Registered family home daycare operator allegedly left 7 young children (18-36 months) in house alone when she went to the store leaving a pot of oil turned on on the stove.

4 dead so far with 3 injured, 2 critically.

Fire February 24th

February 26th operator left for native Nigeria to visit family.

Charges Filed February 27th.

http://www.myfoxhouston.com/dpp/news/local/110228-child-care-center-fire-arrested#

http://media2.myfoxhouston.com/news/2011-02-28/jessica-tata-probable-cause.pdf


----------



## docgj (Mar 1, 2011)

OMG What was she thinking! I'm sure she will be back from Nigeria... yeah right.

docgj


----------



## fatboy (Mar 1, 2011)

Obviously, she wasn't. I hope we have good extradition policies with Nigeria........

Goes back to the old argument, residential "home" application.....TYPE I hood required?.

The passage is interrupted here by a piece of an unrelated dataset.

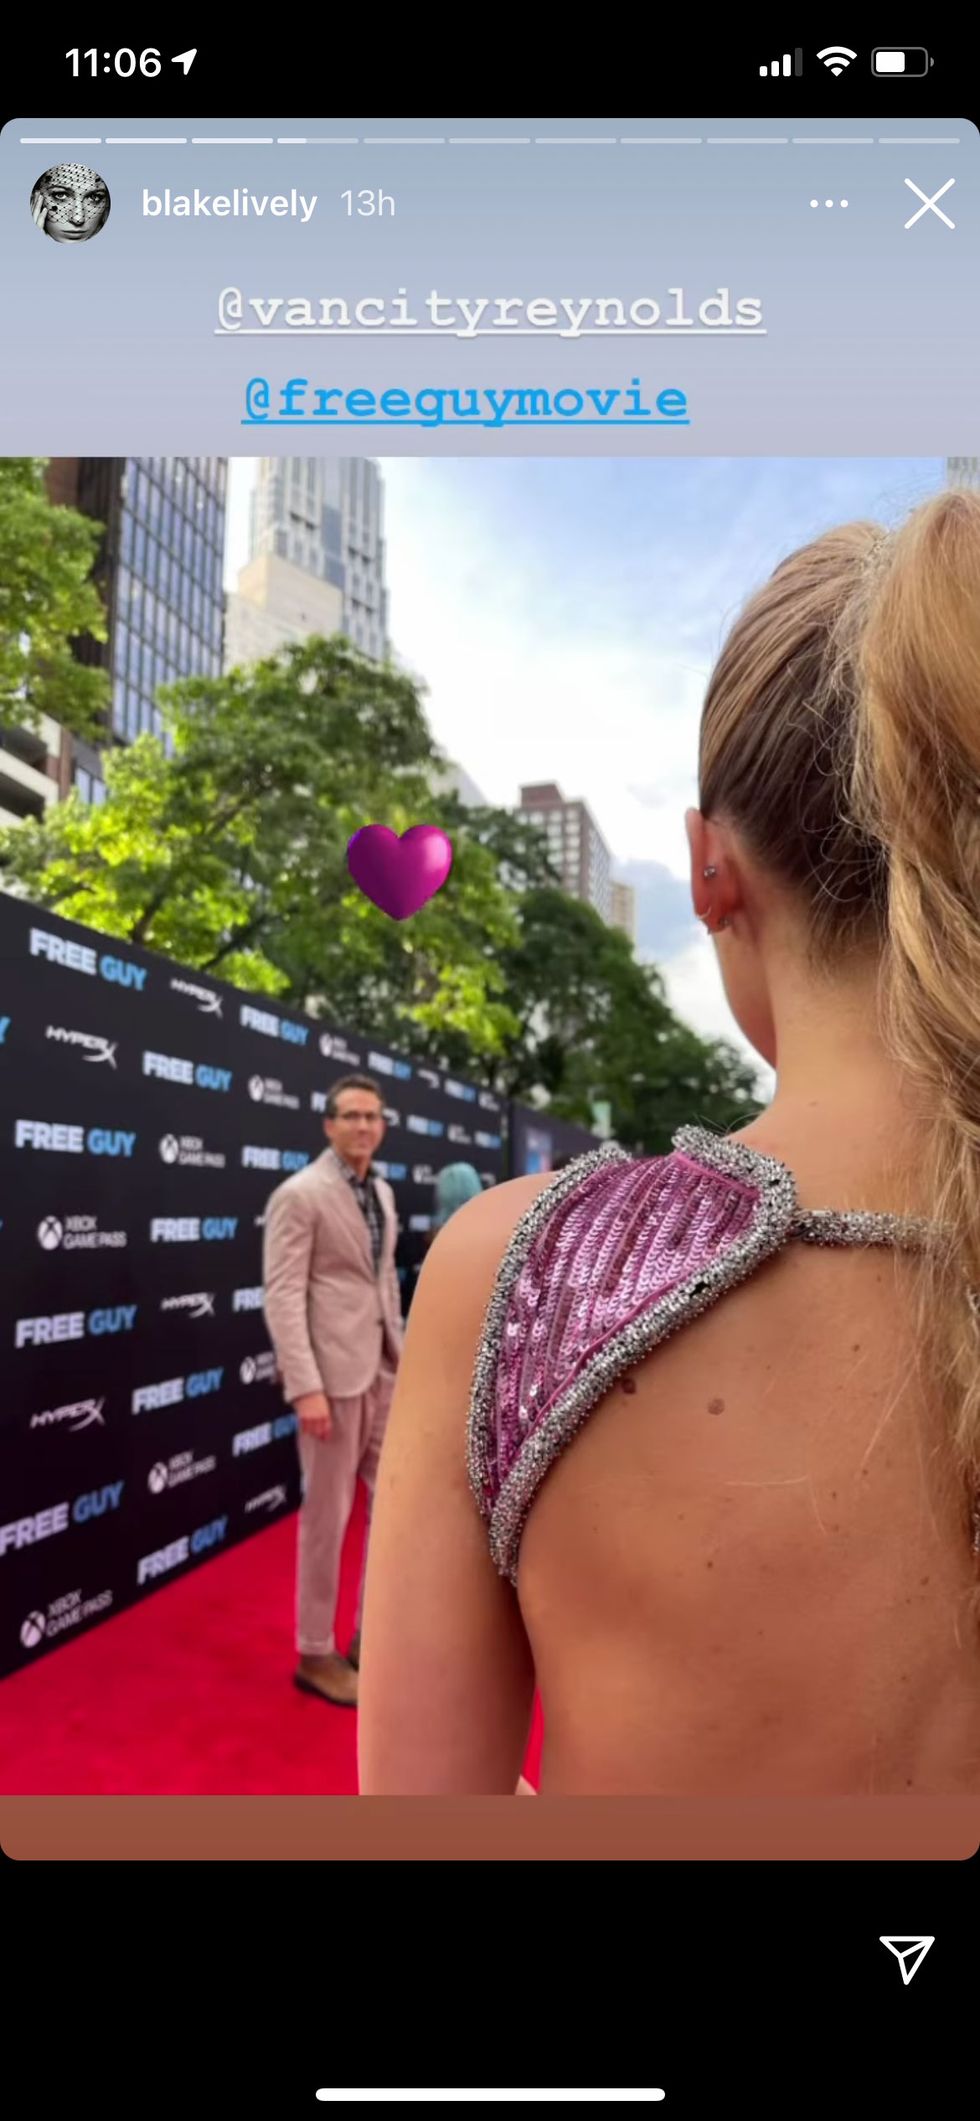 blake lively's behind the scene photos from the premiere

Oh no, we never cook anything with grease or oil. Just heat up Mac & Cheese.


----------



## cda (Mar 1, 2011)

Stoves don't kill people

Stupid people kill people

If we outlaw stoves, only restaurants will have stoves


----------



## fatboy (Mar 1, 2011)

I didn't say outlaw stoves, not even sure where you got that. I just was saying almost always, when you bring up hoods, or suppression, they play the residential card.

But you are right, this is stupidity beyond stupidity. And you can regulate stupid.


----------



## docgj (Mar 1, 2011)

Fatboy,

I agree 100% that you can't regulate STUPID or fix it!

docgj


----------



## jpranch (Mar 1, 2011)

Hang,em in Texas!


----------



## FyrBldgGuy (Mar 1, 2011)

You can't regulate stupid.  "Stupid is as Stupid does!"  Run Forest Run.


----------